Sim, aquela escada da mesma e velha vivenda em Carcavelos. Ali moras agora com a tua mãe e uma tia, duas velhotas que já rondam os 90 anos. Também com o Vodka, um cão-linguiça todo preto e encorpado, em cujo pescoço de vez em quando armas um laçarote encarnado, pois os canitos também têm direito à Revolução. Porém o Vodka não está muito interessado em revoluções, prefere abocanhar e fugir com as tuas peúgas. Corres, ou tentas correr atrás dele. Levantas a bengala, erras o alvo e acertas a porrada mas é nos costados da tua tia. Lá vai a velha de charola para o hospital de Cascais. Por cima do cancro que a devora, tem agora uma costela partida... Um sarilho!
DERRADEIRO FAX
 
A 25 de Novembro de 1975 o General Eanes e o Grupo dos Nove dão um golpe militar para travar Abril montado no esquerdismo galopante. Ficas muito preocupado, temes o regresso ao tempo da Outra Senhora, ao fascismo. Tratas logo de aderir ao PRP - Partido Revolucionário do Proletariado - da Isabel do Carmo e do Carlos Antunes, que insistem na acção armada para defender a Revolução.

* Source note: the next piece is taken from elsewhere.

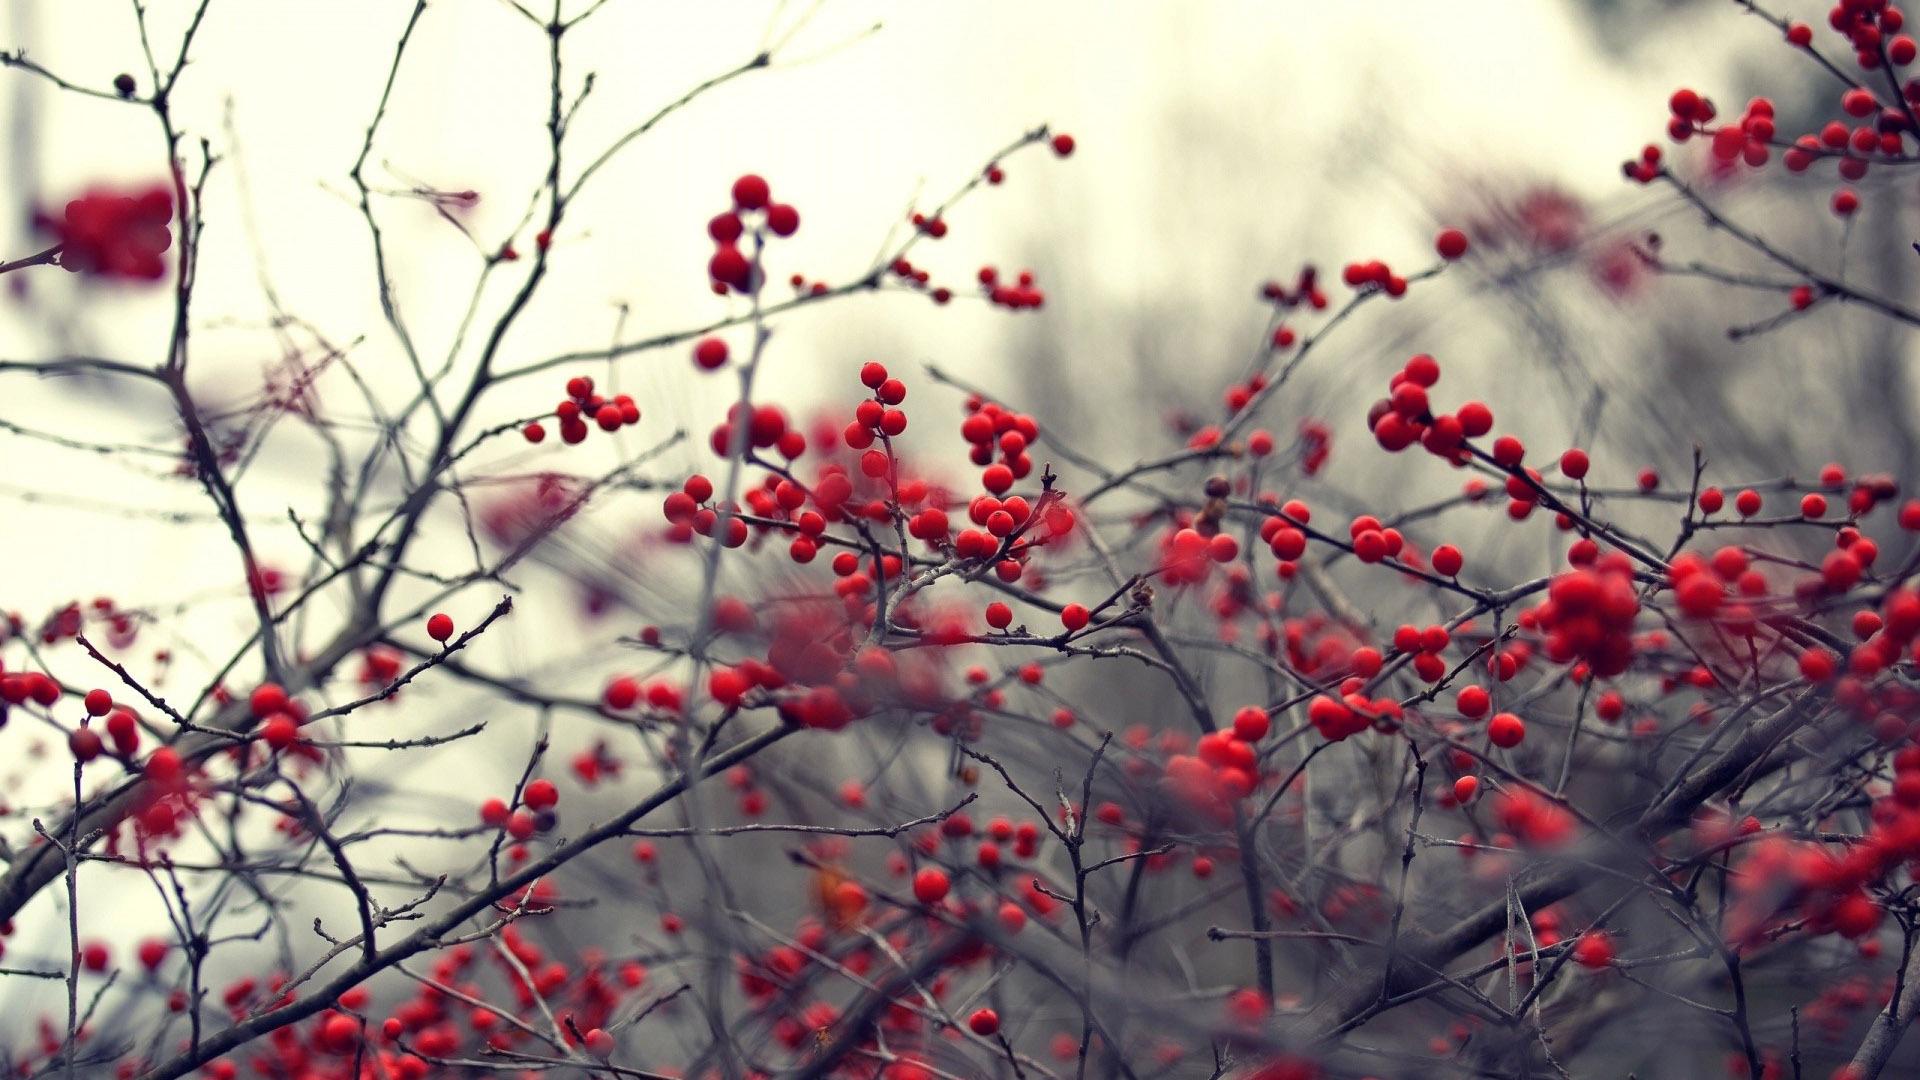 Free download Frozen Red Berries Winter

- Ó Mário-Henrique: mas se nem uma bengala tu consegues segurar como deve de ser, quanto mais uma espingarda ou metralhadora...
Que te importa! O que é preciso é agitar a ideia da acção armada, ai Carbonária, Carbonária...
Muitas vezes vou bater à tua porta a convidar-te a dar uma volta de carro. Aceitas sempre. De Carcavelos vamos à praia do Guincho e depois subimos à Serra de Sintra. Gostas muito de ir até ao Cabo da Roca. Será por causa da paisagem agreste, ou por ser ali a ponta mais ocidental da Europa? Sabe-se lá o que se passa pelos teus miolos...
Em Janeiro de 1980 és internado no hospital de Cascais. Um lampejo, a Fipsy, a Isabel e, sem dares cavaco aos amigos, passas-te. És um chato!
Bem, acho que já acabei a evocação da tua vida e da tua obra, vou botar aqui um ponto final.
Espera, espera aí um instante que está a chegar um fax. Não me surpreende: é o São Pedro a lamentar-se que não desistes de converter o Império do Céu em República Popular do Purgatório.


Livro marcante de uma época e de uma personalidade histórica do movimento surrealista português.